“Tribalism and the Good Samaritan”

When a tornado strikes a town, who comes to help clean up? Everybody. The guy in the MAGA hat, the woman in the Black Lives Matter t-shirt, the teenager who loves to hunt, the animal rights activist. Costumes and performance signaling fall away as shards of rubble are handed down the line, tree branches are cleared, as the cracked wedding picture is handed to the weeping grandmother. Who pulled the puppy out from under the collapsed porch? Oh, that guy. That guy who was yelling at the school board meeting last week. Who was the woman he embraced as he set the puppy in her arms? That woman, the one who was protesting censorship in the school library.

The Good Samaritan.
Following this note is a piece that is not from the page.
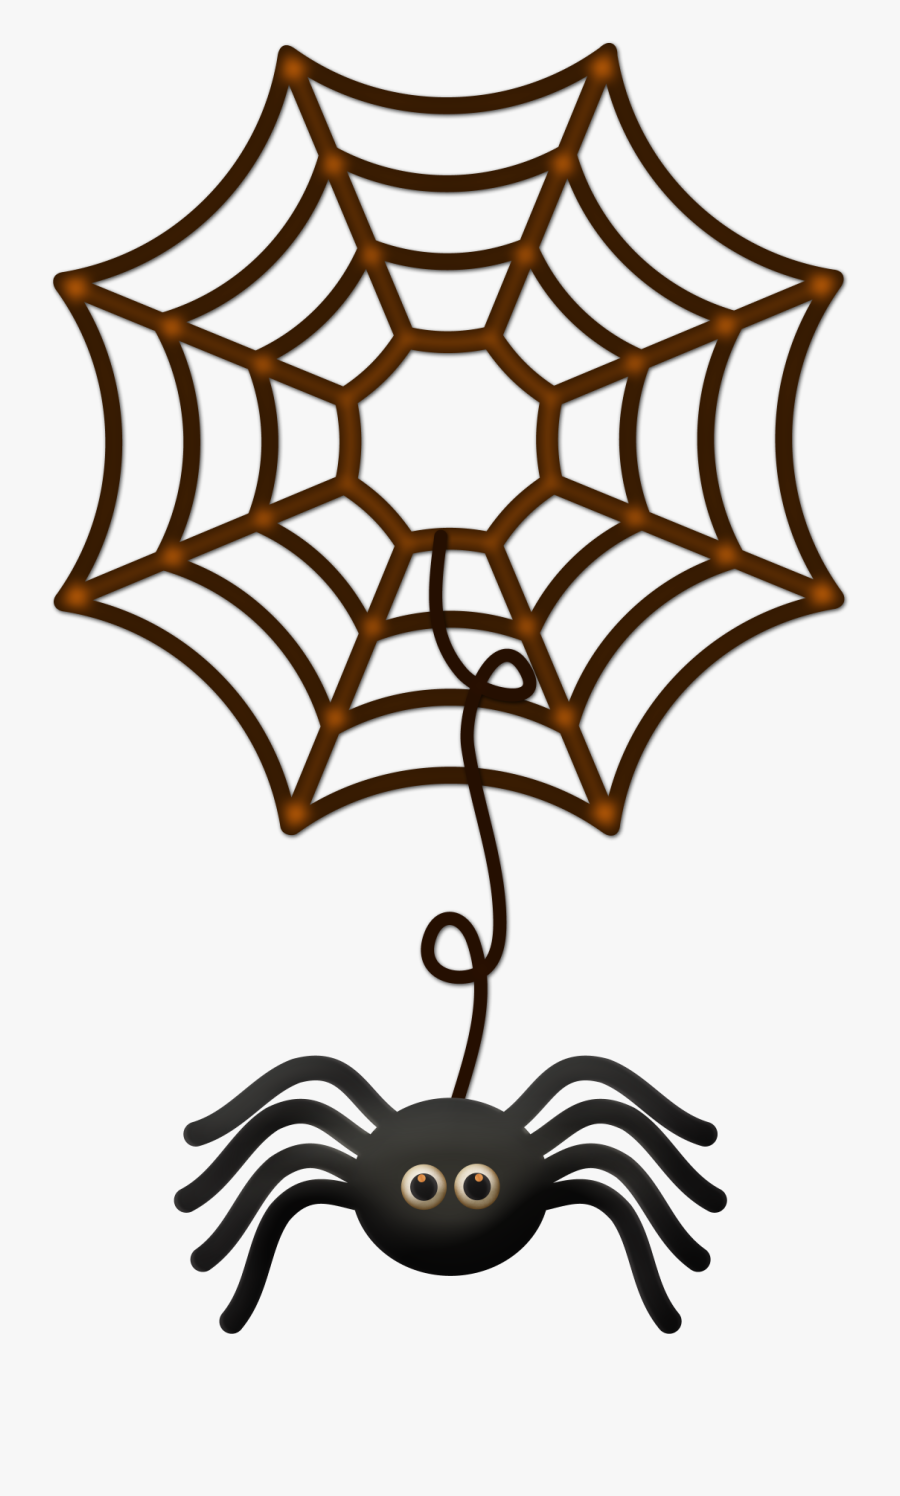 Indoors On Dirt/sand Mix - Spider Web Icon Vector, Transparent Clipart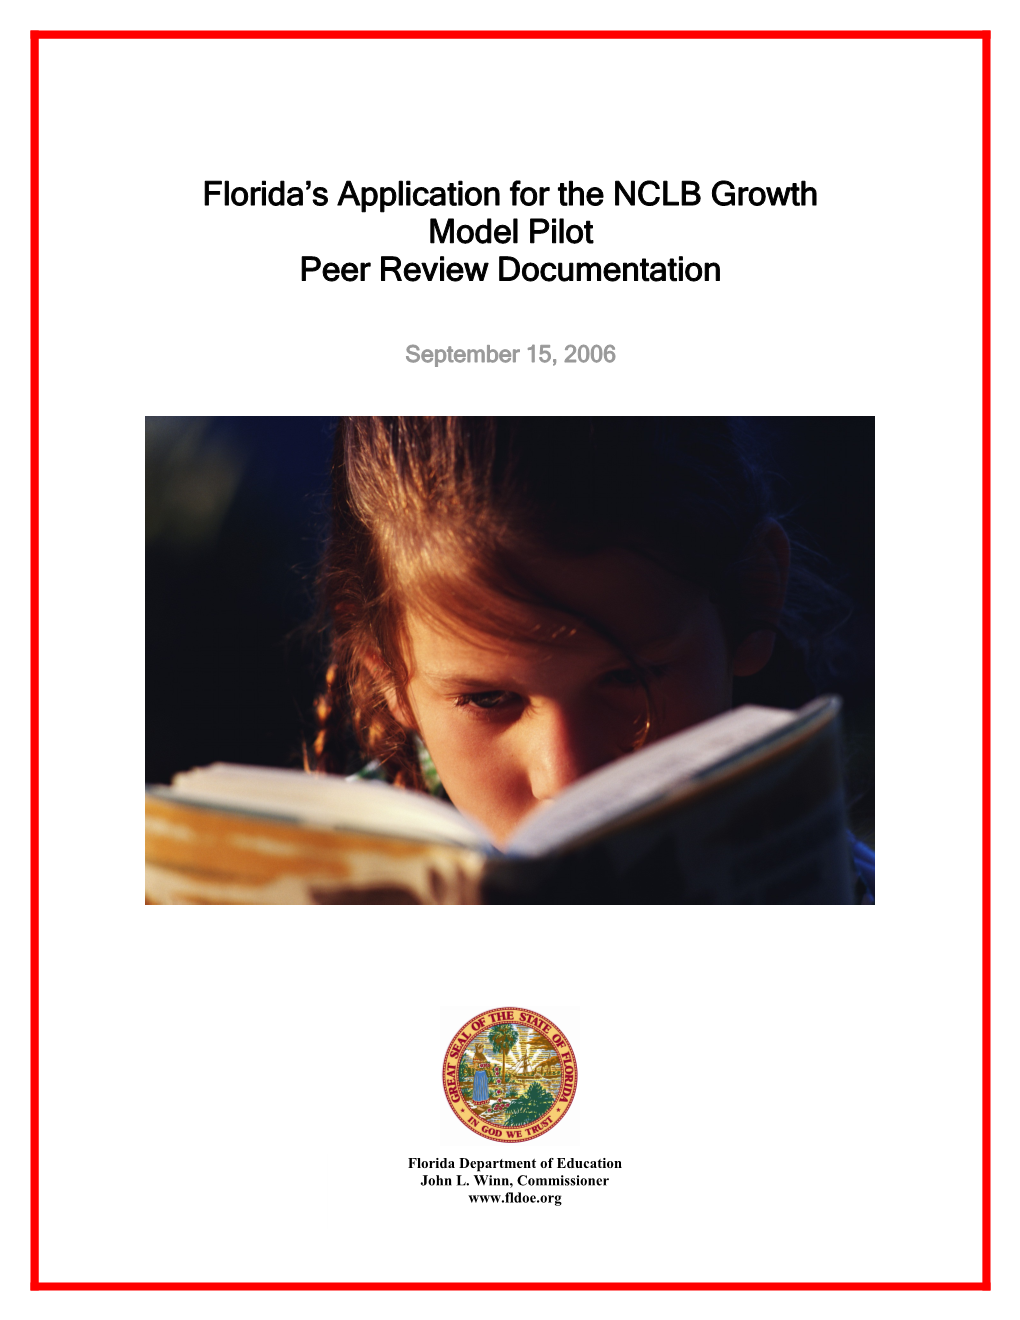 Florida's Growth Model Proposal Revisions (PDF)

So familiar is this story that 2,000 years later, those who have never stepped foot in a church use the term as a symbol for charity, compassion, and good works.

But the story is deeper than that. For as much as it is a story of charity, it is also about tribalism. The significance of the Good Samaritan is that he was a Samaritan — not just a member of a different sect but a member of a reviled sect. The significance of the story is that he was good. He was the helper, not the victim. If he’d been the one beaten, and a kindly person had ministered to him, those listening to Jesus would have paused and nodded and considered the value of helping a poor lost soul as a step toward inheriting eternal life.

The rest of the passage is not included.